In Lebanon, civil society activism, which mobilised the street for months during the waste disposal and the electricity and gas crises, has transcended all sects. During the 2016 elections, a non-sectarian, independent group, Beirut Madinati (Beirut My City), came second in the city of Beirut and was emulated in other Lebanese cities. In November 2017, when Prime Minister Saad Hariri was detained in Saudi Arabia, most of Lebanon’s political class and civil society united behind him, putting aside their divisions and personal interests.
In Tunisia, democracy has opened the way for public debates on all topics, ranging from the corruption or incapacity of political leaders to atheism and homosexuality, identity, etc. Unsurprisingly, the country has witnessed some of the largest anti-Trump demonstrations in December, when Egypt barely moved. The Tunisian national is perhaps the only Arab who can claim to be a full citizen – although unhappy and impoverished – and not a mere subject.

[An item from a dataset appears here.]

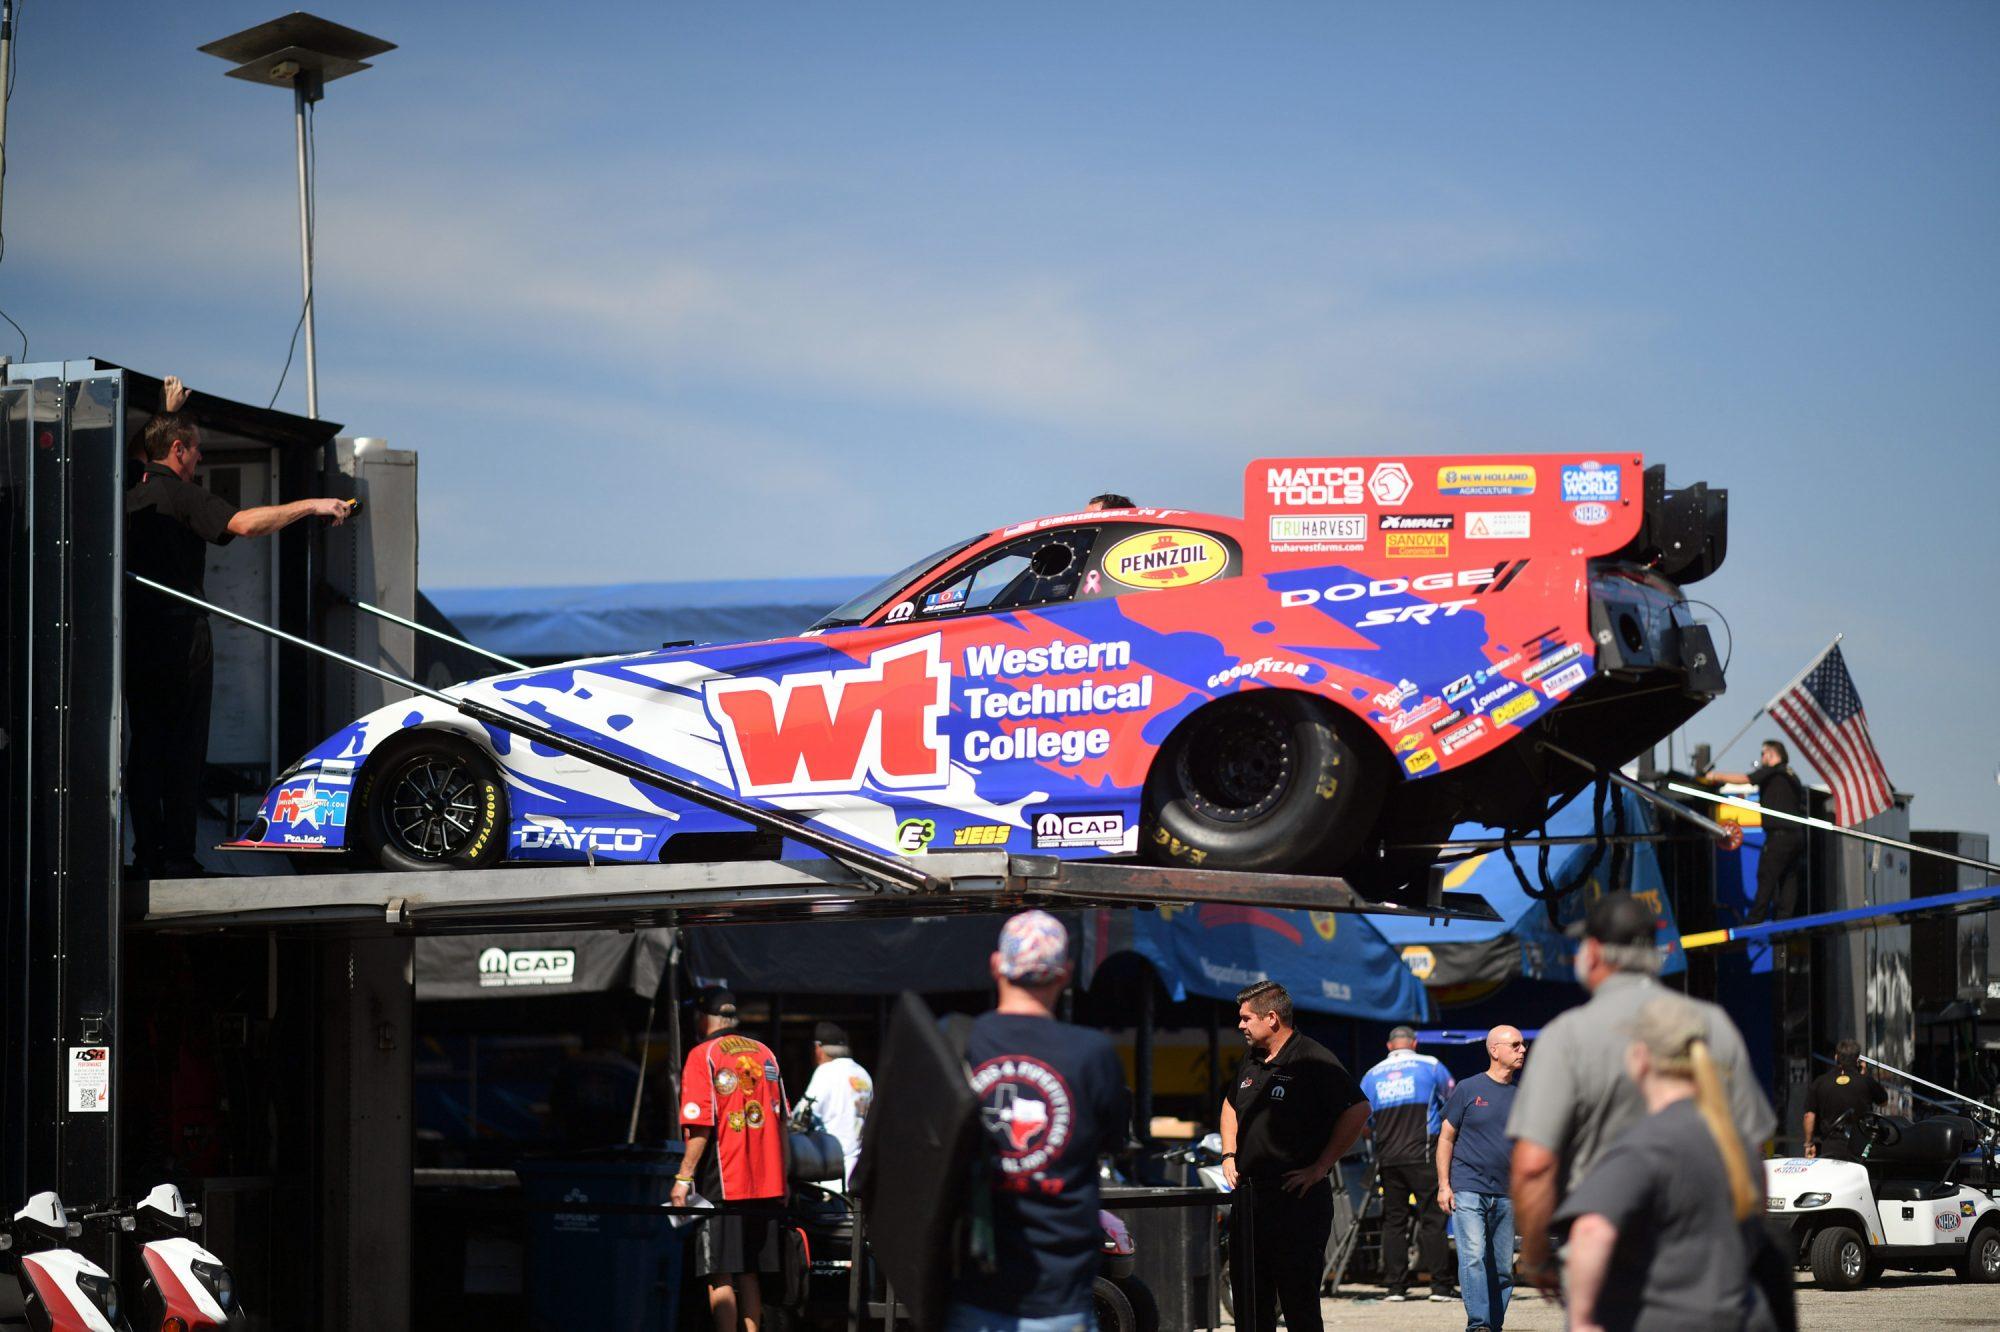 Matt Hagan's car coming off the trailer

Tunisia has a largely homogenous society, a certain degree of women’s emancipation, and a strong public education system; it also faces limited foreign intervention. These attributes, along with the newly acquired freedoms, contributed to the drafting of a progressive, democratic and consensus-based constitution. Tunisia is now drafting an all-encompassing, bottom-up social contract. Foundations take time to build, but once established, they are difficult to destroy or upset.

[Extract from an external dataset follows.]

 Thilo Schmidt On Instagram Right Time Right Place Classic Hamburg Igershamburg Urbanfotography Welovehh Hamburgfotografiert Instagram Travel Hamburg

The Arab region is part of a world in disarray. Like other parts of the globe, it is facing major transformations, and it has not yet found a way to get over them. The path towards democracy which started in Tunisia was crushed in many countries, but no convincing alternatives have emerged.
The worldwide wave of authoritarianism may be a blessing for most Arab despots. But ultimately, as Tunisia and Lebanon may prove, and as the Ancient Greeks found out, democracy remains the best form of government.